Eleanor’s heart fluttered with excitement as she washed and dressed in one of her most fetching dresses. Hidden in the bottom of her trunk were a few coins, enough, she hoped, to pay her passage to New Orleans. There she would sell some of her clothes and a few pieces of jewelry her aunt had left her for money to live on while she found a way to support herself. True, she was not the card player that Gilda had been, but she played fairly well. Her aunt had supported them for years by playing cards with high-class gentlemen who thought it a lark to play with the lady while her charming young niece looked on. Eleanor had told the story of her father’s big plantation so many times that she half-believed it herself. She had known at an early age that her father was a scoundrel. He never did a day’s work in his life, or so Gilda said. Her mother, however, was of good family, and Will Bradford was her first cousin. Gilda had set the wheels in motion that caused Will to ask for Eleanor’s hand in marriage by telling him of her dire plight.

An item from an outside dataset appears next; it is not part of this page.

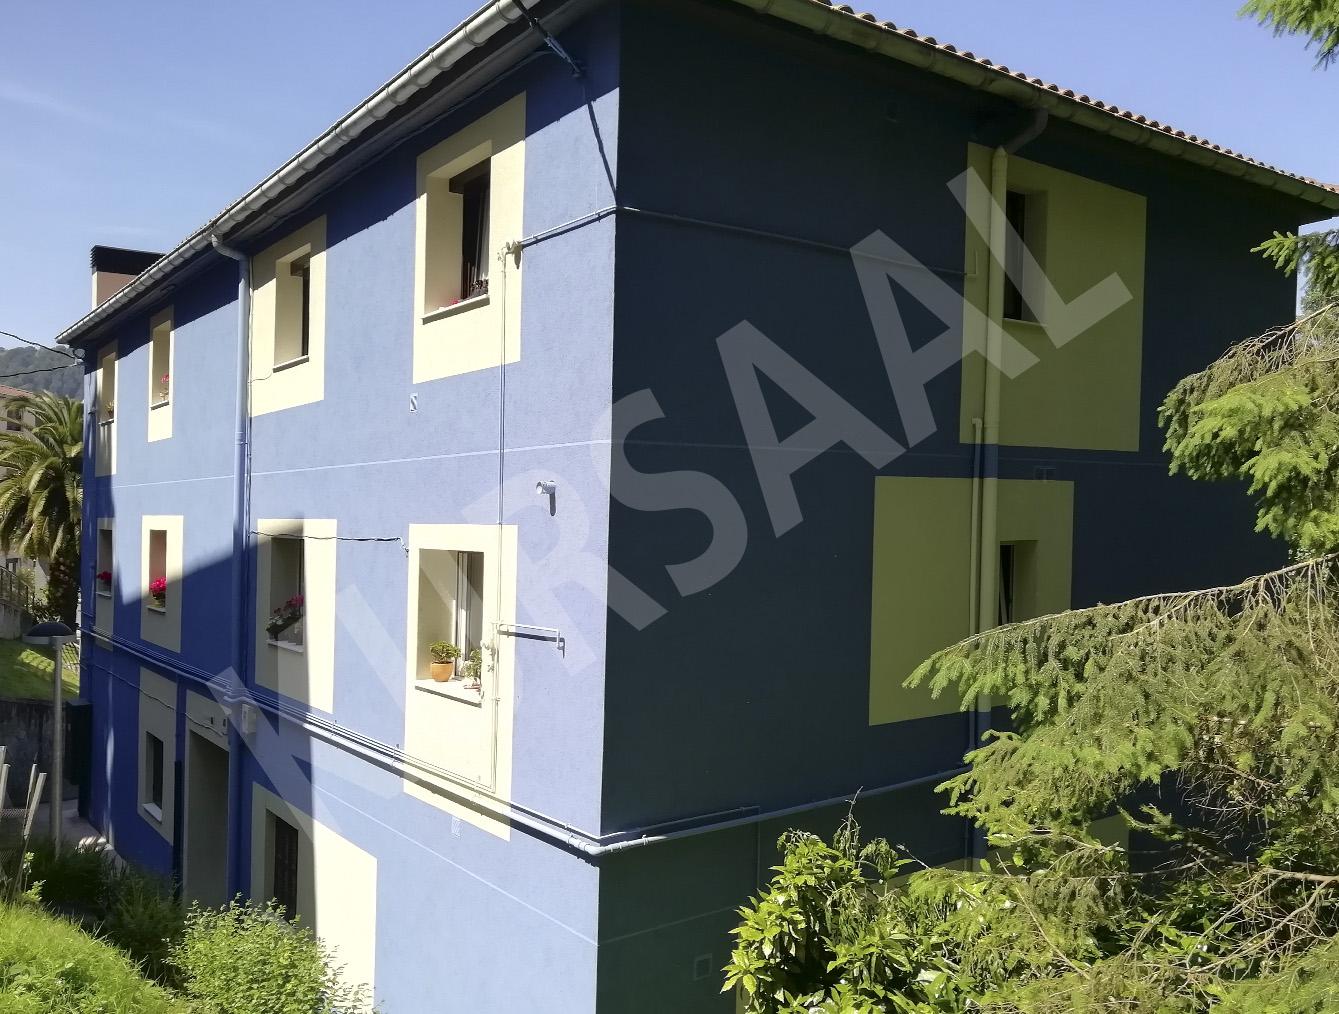 foto 4 - Aislamientos Térmicos y Eficiencia Energética-Casares 66-PASAIA, GIPUZKOA
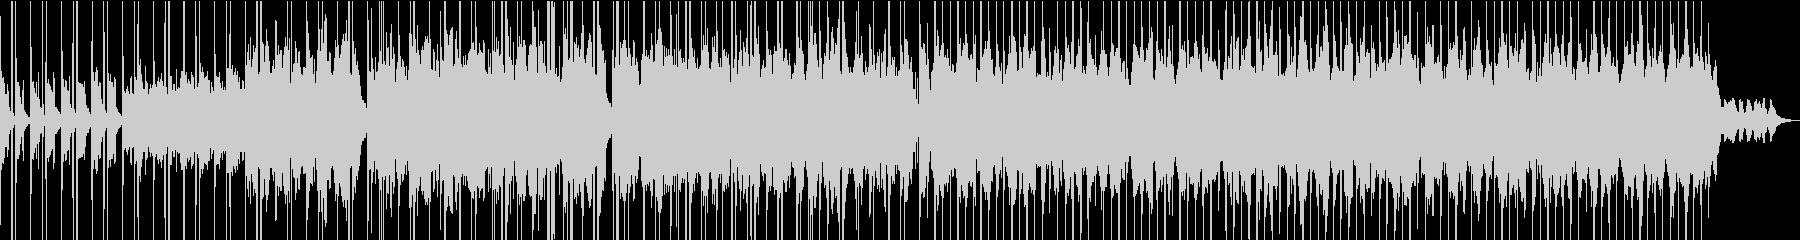 ミドルテンポのエレクトロニカ曲の未再生の波形

Eleanor waited until Gavin had gone to the creek and Amy was in the cabin. Then she took her money from the trunk, put on her prettiest bonnet and slipped out the front of the wagon. Within minutes she was walking down the road toward the main part of the town.
Kaskaskia’s main road was choked with horses, freight wagons and men. When Eleanor turned on to the street her courage almost failed her. Yet she continued on, knowing this was her only chance to break away from the future that had been decided for her. By the time she reached the boardwalk that fronted the mercantile, the eyes of every man on the street had passed over her and most of them stayed there. From either side of the street men watched her go by—freighters in heavy boots, boatmen, Indians, gamblers in beaver hats, French trappers with bright dark eyes and elaborately fringed buckskins. And everywhere there were dogs, medium-sized dogs, big dogs and runts, all searching for food.